Bloomberg recently reported that Apple is working to drop the “Hey” requirement in front of Siri in a well-written and very interesting article by Mark Gurman:
Mark got a lot of things right in discussing the complexity and difficulty of doing this, but a few things could be explained in more detail. By the way, Sensory has already created “Siri” only wake-words so we fully understand this complexity, especially across accents and noise environments.
Mark says: If successful, the shift from “Hey Siri” to “Siri” would match Amazon.com Inc.’s Alexa, which requires users to simply say “Alexa” rather than “Hey Alexa.” This is kind of true but it’s more complex than that…Alexa is 3 syllables and has a wider range of sounds. Siri is only 2 syllables with fewer sounds.

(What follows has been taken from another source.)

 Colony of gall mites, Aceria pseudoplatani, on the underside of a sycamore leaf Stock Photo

To simplify wake word decisions Sensory often recommends more syllables as being better.
Privacy isn’t really discussed but is a key issue here. Especially since Apple has marketed privacy as a key differentiator. More false accepts will occur with “Siri” than with “Hey Siri” (a false accept is when the device starts listening when it shouldn’t be listening). Even if Apple can make a perfect algorithm, they will need to deal with words like “serious” or people discussing “Siri” in a sentence. With more false accepts occurring, the only way to deal with it is to analyze the speech around the perceived wake word, and this means they will be listening in when they shouldn’t be.

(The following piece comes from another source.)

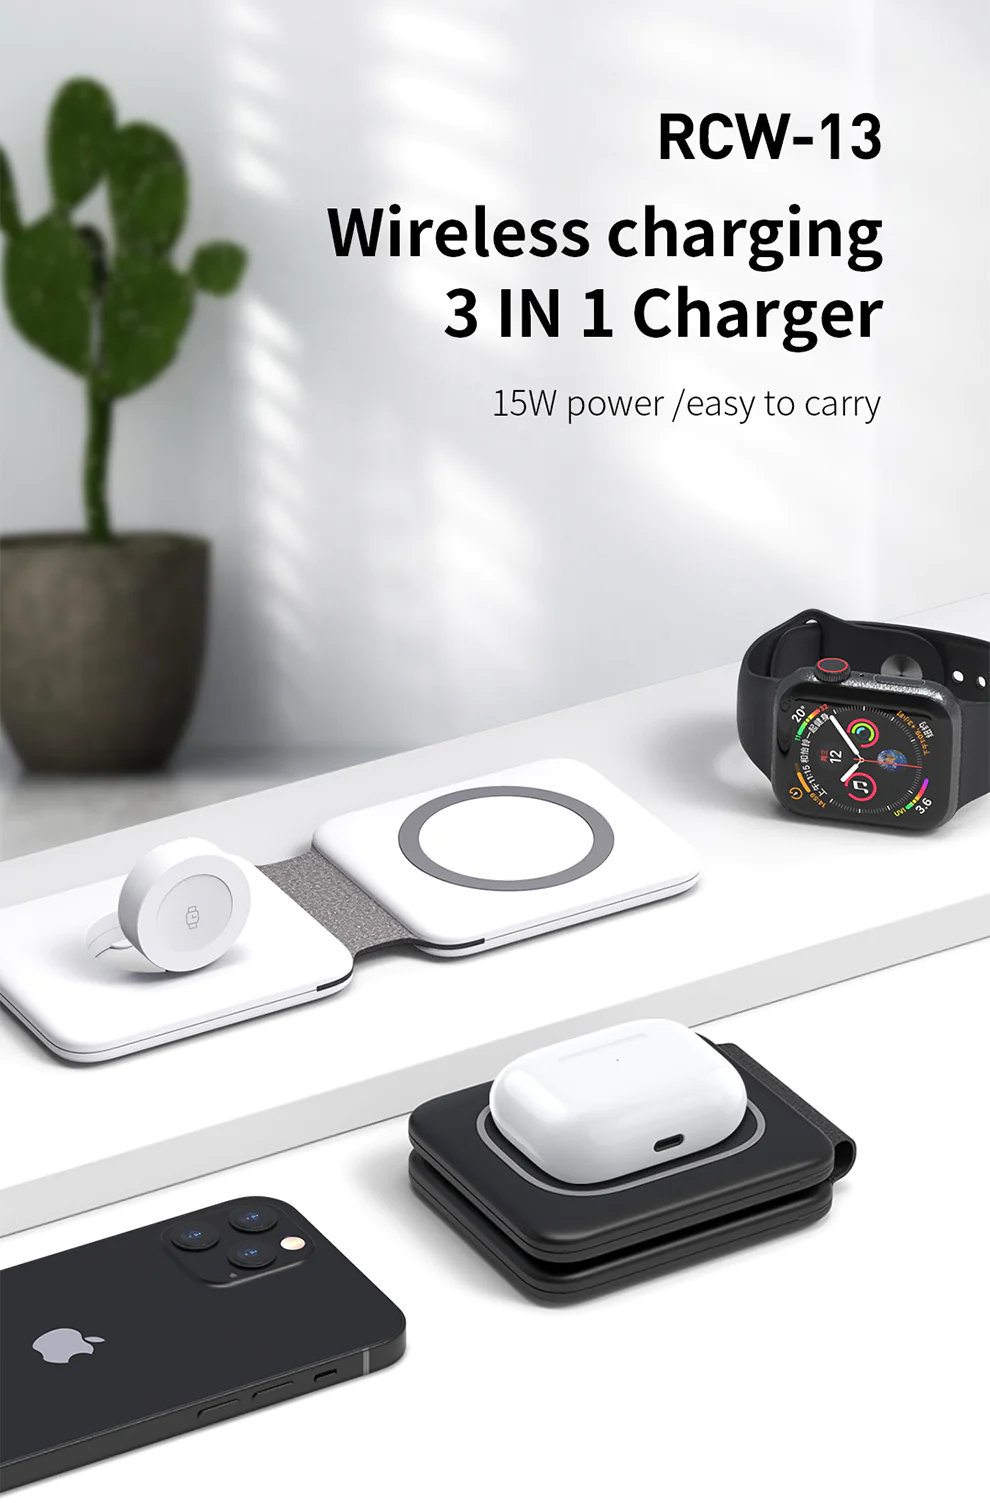 Recci Rcw 13 Wireless 15w Charger 3 In 1 (2)

By the way, this “listening in” CAN be done on-device to keep it private, but I suspect that Google and Amazon send the data to the cloud to analyze and use for building better models, and I have no idea what Apple’s plans are.
Final thought…Have you noticed that Amazon, Apple, Microsoft and others use a made-up brand name (e.g. Cortana, Siri, Alexa, etc) for their assistant while Google uses “Google”? Do you think Google considered that they would get MORE false fires and collect MORE private and unintended conversations about Google?